Antes de tudo, Raymond and Ray vive de uma química entre atores: acreditamos de facto no elo familiar entre estes dois atores que construíram uma irmandade forte. De um lado, Ethan Hawke, a fazer um pouco o número dos papéis de uma certa fase da carreira de Jeff Bridges. Parece-nos um ator cada vez mais próximo de uma excelência inexplicável. Do outro, o escocês Ewan McGregor, que diz tudo com um "sorriso de verdade", como alguém comenta, mas que não disfarça uma fragilidade ao nível do caricato. É um dos seus maiores momentos na carreira. Juntos, são portadores de uma intensidade dramática que dá ao filme toda a sua força e simboliza um certo encanto de uma ideia de perdedores do sonho americano. Dois homens que não cumpriram o sonho da felicidade e que foram vítima de uma ausência do lugar do pai.

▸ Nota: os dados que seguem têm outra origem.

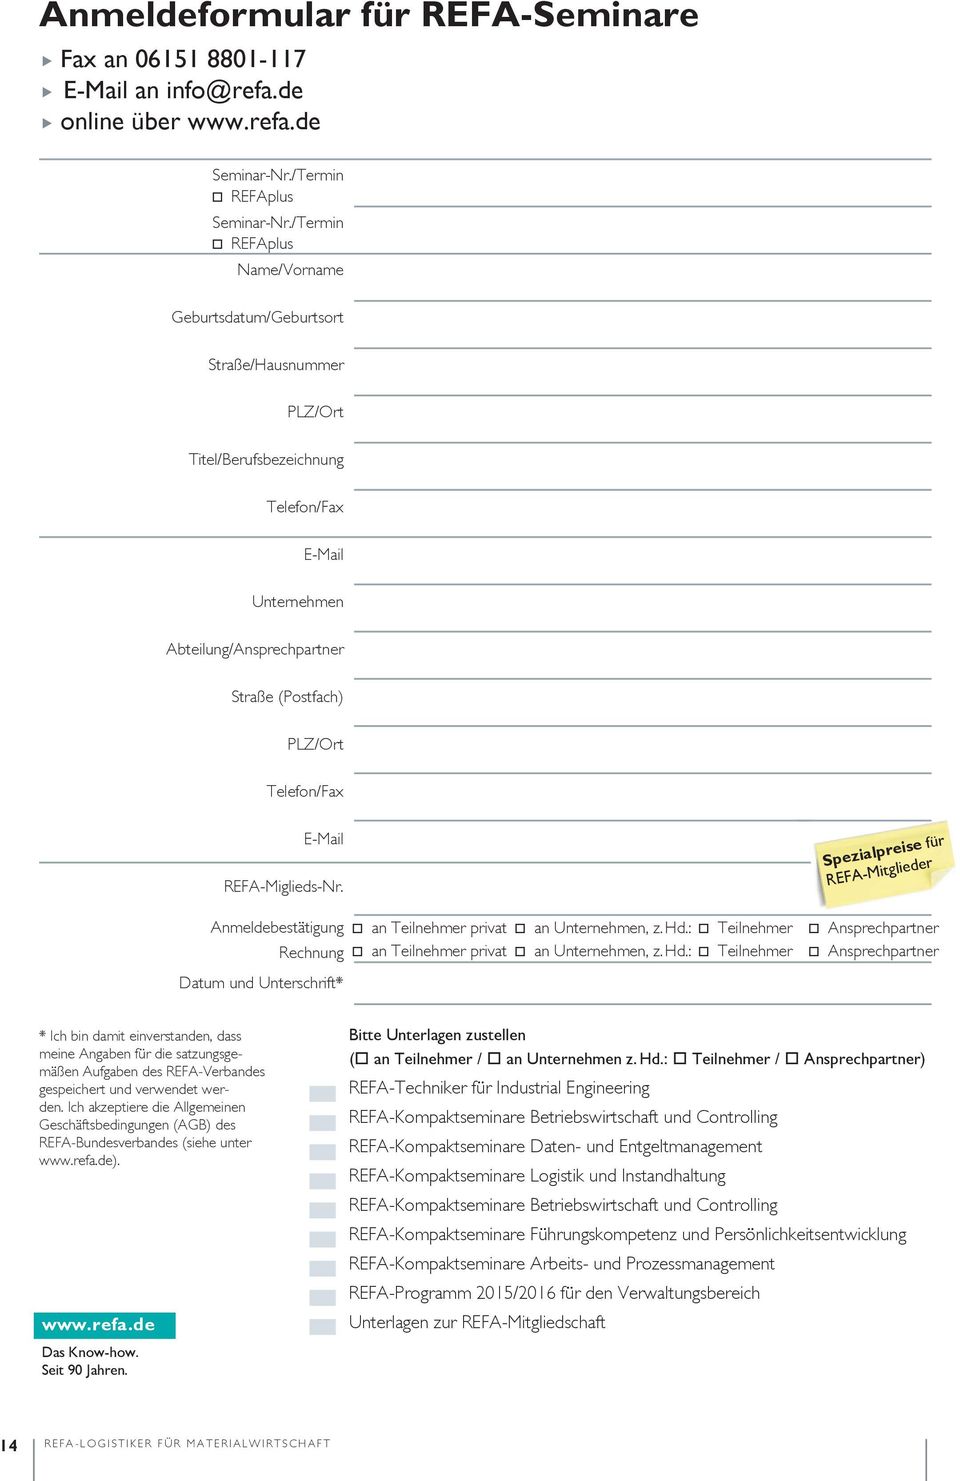 E-Mail REFA-Miglieds-Nr. Anmeldebestätigung Rechnung Datum und Unterschrift* an Teilnehmer privat an Unternehmen, z. Hd.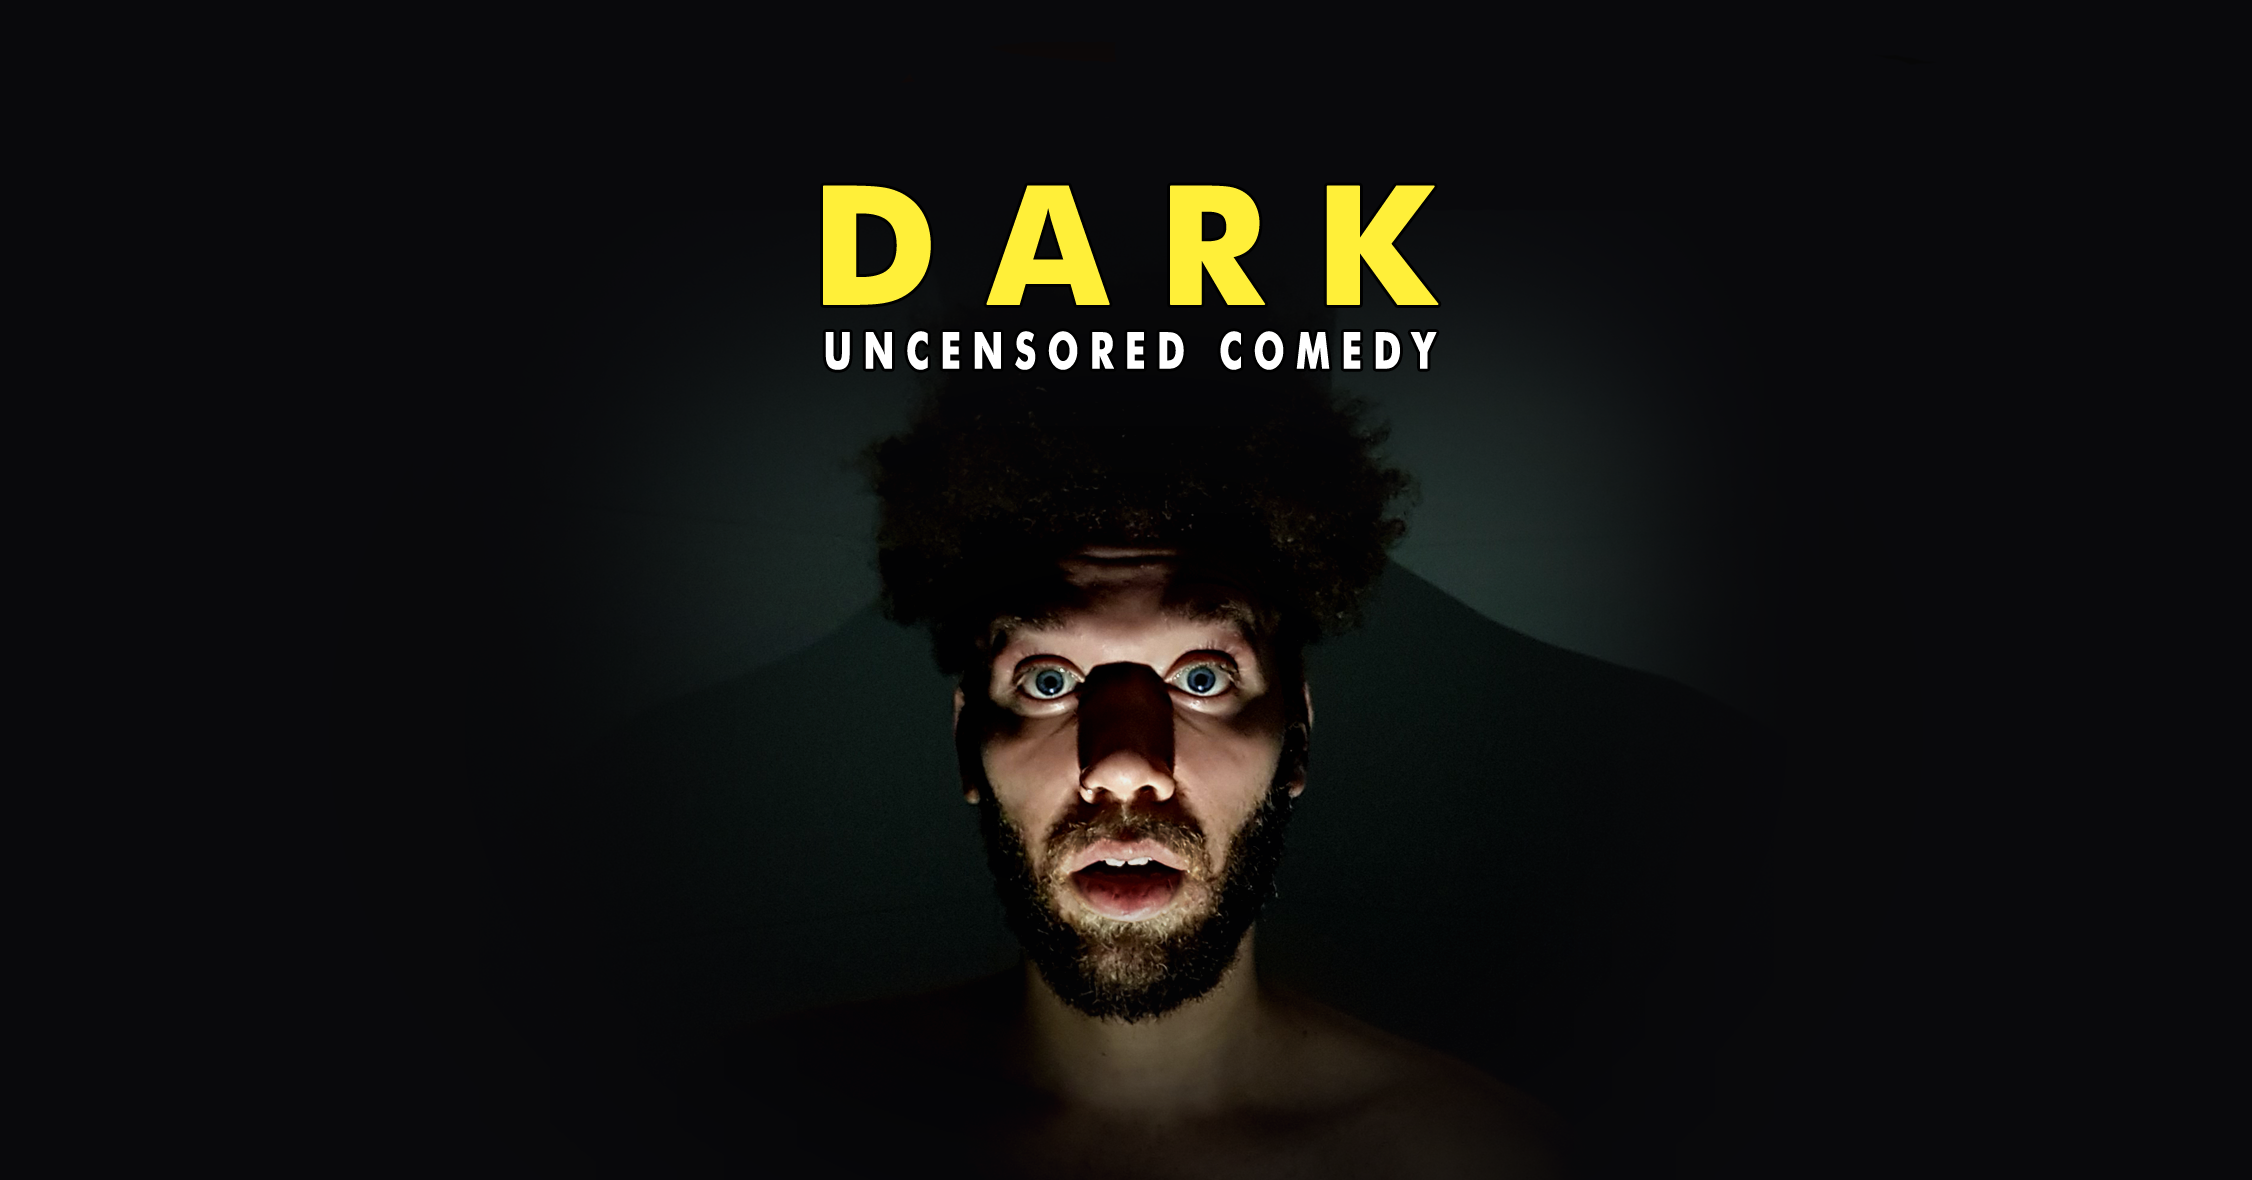 "DARK" Delightfully Dark Comedy

Rodrigo García, conhecido também por ser filho de Gabriel García Márquez, filma um funeral americano e os seus rituais mas está igualmente a refletir sobre as novas famílias. Sabe ser tocante nos momentos certos e é quase sempre soft nos clímax que poderiam resvalar para o azeite. Aliás, essa ligeireza ou doçura redonda é aquilo que este argumento não sabe tão bem explorar. A doçura não tinha que ganhar à amargura...

Mas se esse é um dos calcanhares de Aquiles de um filme pouco ambicioso, sentem-se também aqui ressonâncias de cuidado no texto. García leva esta narrativa para uma inesperada sinfonia de mágoas. Uma espécie de cicatrizes americanas de quem não teve a vida que sonhou. Ou melhor, de quem não cumpriu as expectativas. E nesse ponto, as personagens dos irmãos são particularmente honestas, mesmo quando esse assumir do fracasso tem o seu quê de tragicocómico. No Festival de Toronto, teve uma receção simpática apenas e pelo o que já se percebeu do marketing da Apple TV + não deve ser cozinhado para ser o novo CODA a nível de estatuto de prémios.